Google s'attaque, de fait, à la complexité du langage humain. Les deux chercheurs, auteurs du billet de blog sur Duplex, notent que les gens parlent plus rapidement et moins clairement que lorsqu'ils s'adressent à une machine. "Ils se corrigent au milieu d'une phrase, sont plus verbeux que nécessaire ou omettent des mots et s'appuient plutôt sur le contexte. Ils expriment également un large éventail d'intentions, parfois dans la même phrase". Une tâche rendue plus ardue encore pour des appels téléphoniques parasités par les bruits de fond et une qualité sonore aléatoire.

Il faut aussi tenir compte du temps latence attendu par les utilisateurs. Par exemple, après "bonjour ?", ils s'attendent à une réponse instantanée. En revanche, un client comprendra que le restaurateur prendra un certain temps pour consulter son carnet de réservations. Duplex réduit ou allonge ce temps de latence en fonction du moment dans la séquence.

Duplex va-t-il se substituer aux opérateurs de centre d'appel ?

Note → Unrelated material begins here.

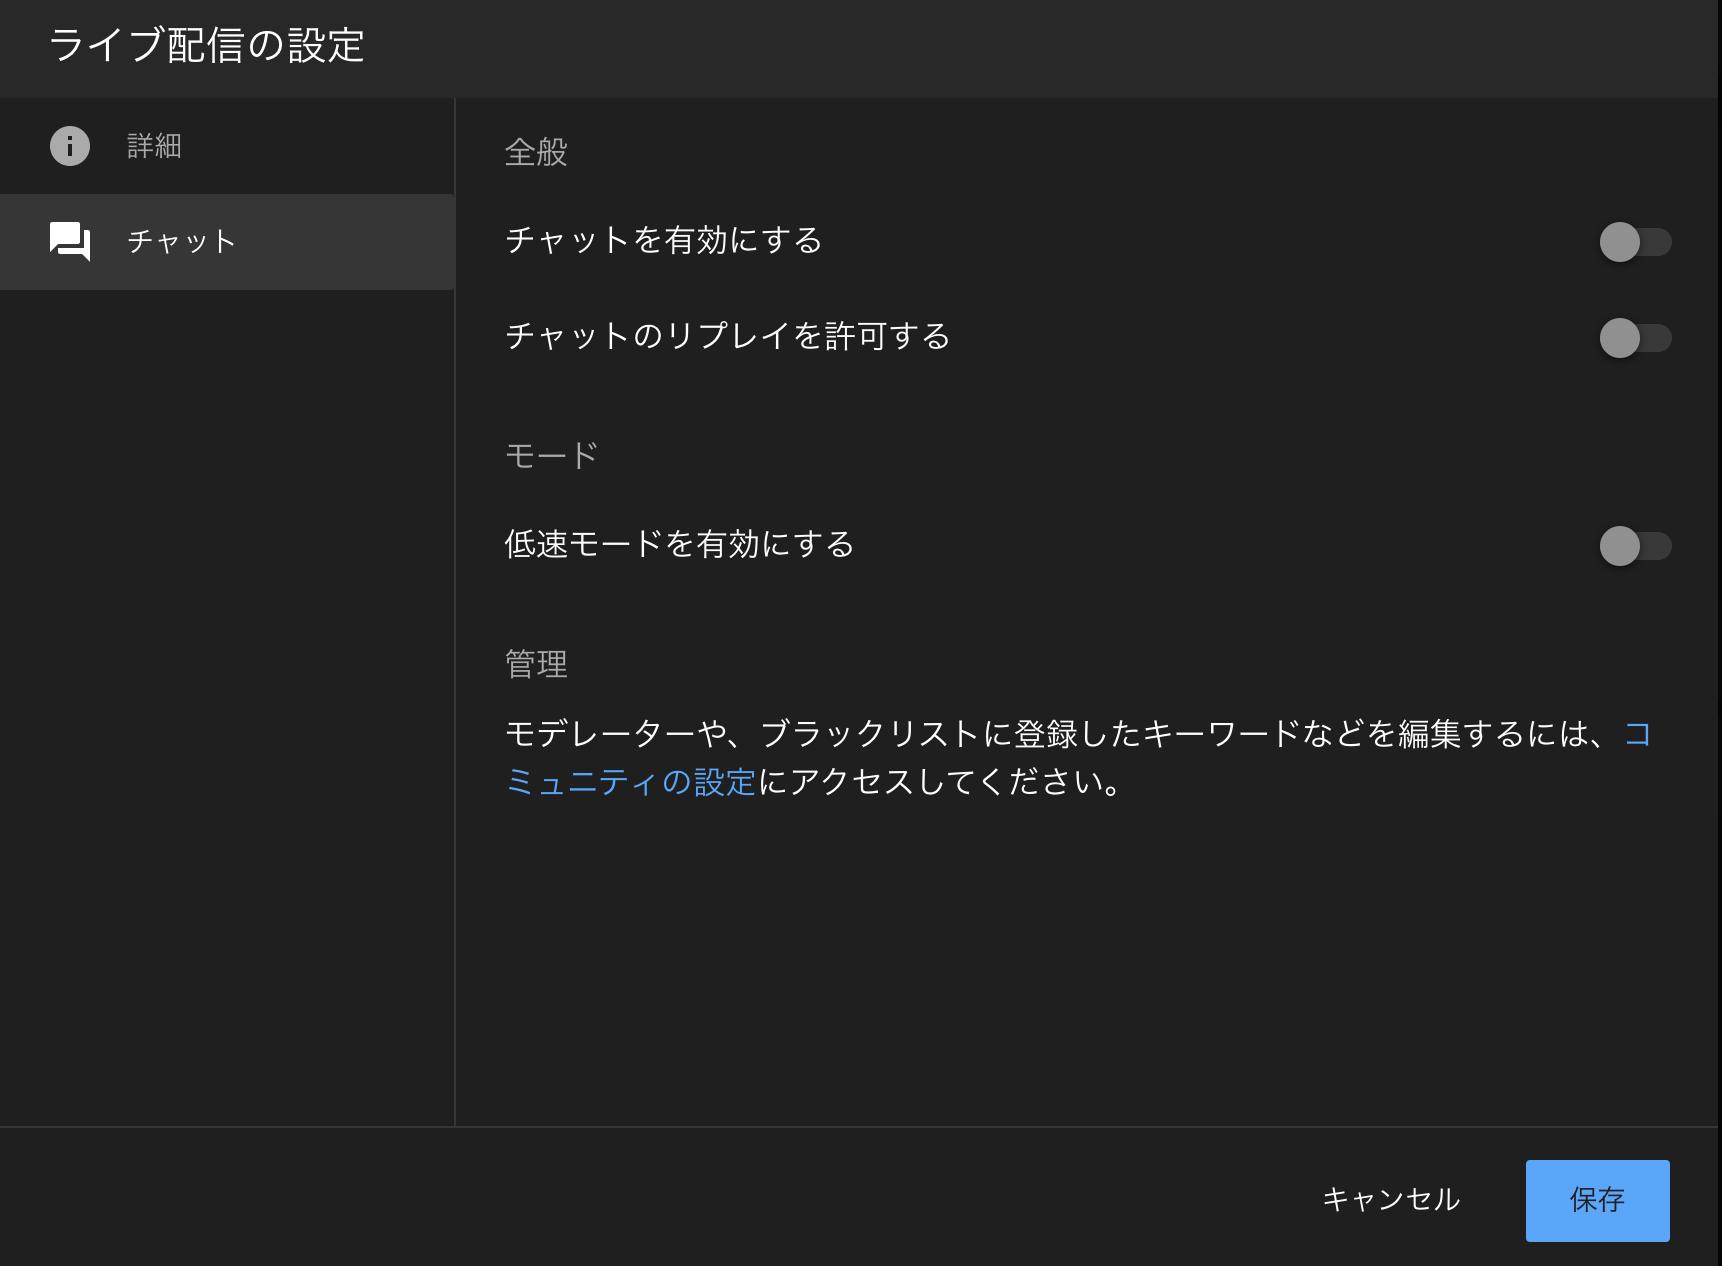 スクリーンショット 2020-03-01 13.03.16.png

Alors quel avenir pour Duplex ? Google prévoit de le déployer progressivement. Cet été, il testait sa technologie d'intelligence conversationnelle, intégrée dans son Assistant, auprès de quelques utilisateurs et commerces partenaires. Google la destine, pour l'heure, aux entreprises qui n'utilisent pas de services de réservation en ligne. Duplex peut également réduire le nombre de rendez-vous non honorés en rappelant les clients peu de temps et en leur proposant, le cas échéant, de les annuler ou de les reporter.

Avec les progrès à un rythme exponentiel que connaît l'IA, les cas d'usage pourraient rapidement dépasser ce cadre de la prise de rendez-vous. La feuille de route de Google n'est pas encore connue mais si ce dernier décidait d'intégrer la technologie Duplex à son enceinte connectée Google Home, l'utilisateur pourrait avoir l'impression de parler à une véritable être humain, estime le site Cnet qui a pu procéder à un test, à l'image de Samantha, l'agent virtuel de Her, le film Spike Jonze.

Pour Frédéric Bouchery, "ce type de technologie pourrait remplacer demain les serveurs vocaux aux interactions limitées et à plus long terme les opérateurs en centre d'appel pour les tâches les plus basiques. De nombreux opérateurs de hot line suivent déjà un script et quand ils arrivent à ses limites passent la main à un niveau supérieur. " Une arborescence a priori modélisable. La machine ne connaissant pas la fatigue et dépourvue d'a priori pourrait se montrer d'une patience infinie auprès de ses interlocuteurs humains.